Another key thing that VWB did regarding management practices was to reward
and compensate their employees well. They knew well compensated employees are
happier, more motivated, and more committed. They executed this well by tying many
employee bonuses to an individuals performance, as well as of a percentage of
objectives completed. They also gave professional recognition to employees by initiating
contests and handing out awards. This leads to strong internal promotion. And lastly,
VWBs financial position was improved even more when they offered and extended
training programs and awards seminars to its best performing suppliers.
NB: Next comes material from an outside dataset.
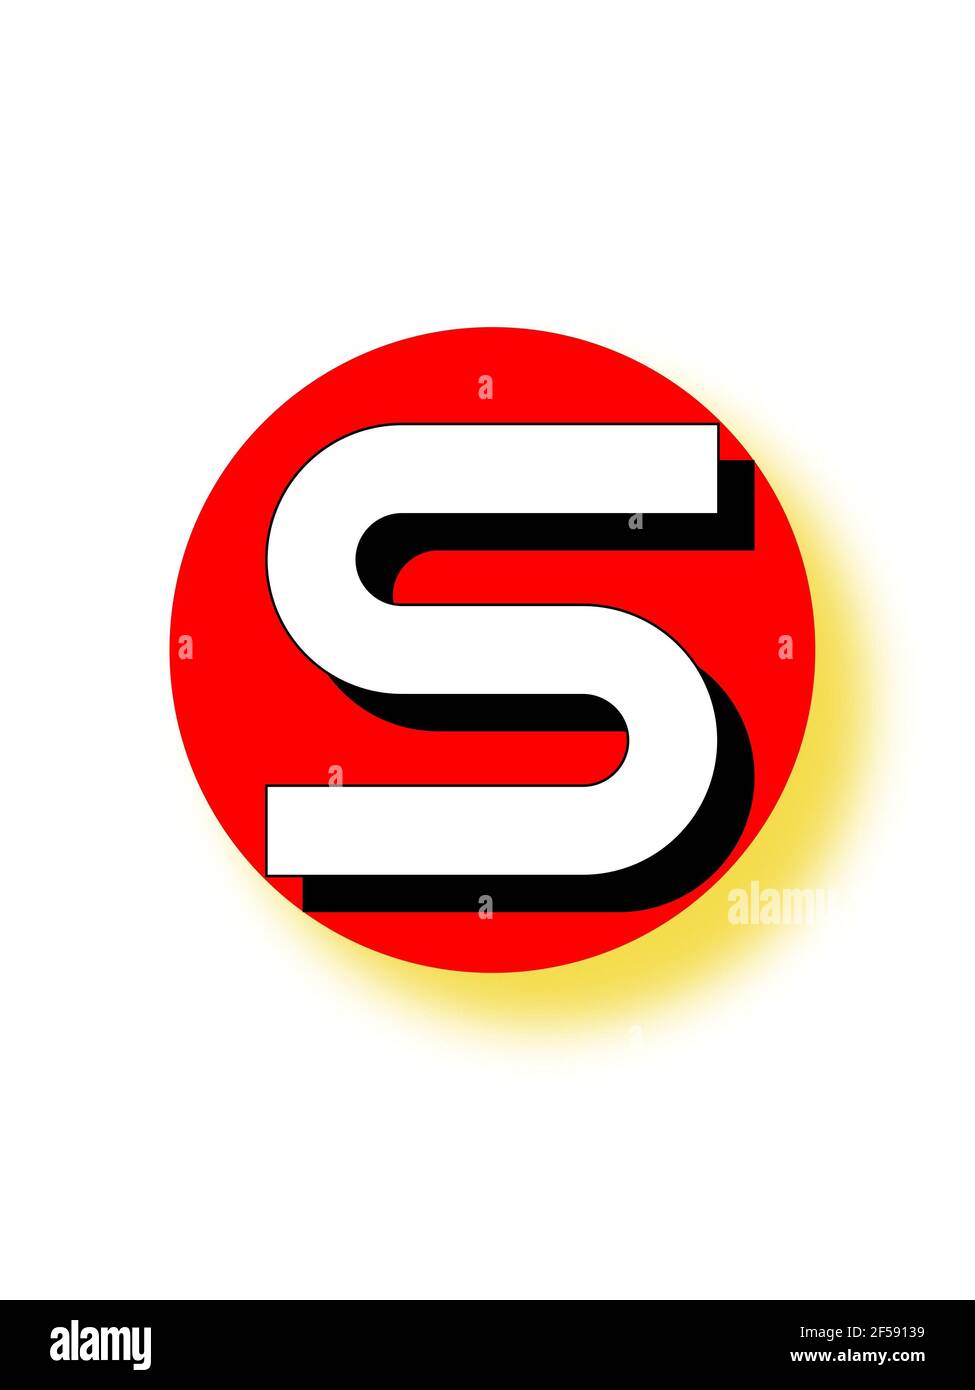 Illustrazione verticale di un logotipo con la lettera S su un cerchio rosso Foto Stock

If I had to recommend, Volkswagen does Brazil anything, it would have to be
to maintain its current strategies in its management process, and also to keep operational
cost as low as possible. The Brazilian economy could be very rewarding, but its high
volatility could make VWB vulnerable if there operational performance is not up to peek.
But I am sure the executives at VWB or aware of that and will do there best to minimize
any risks and threats that come there way.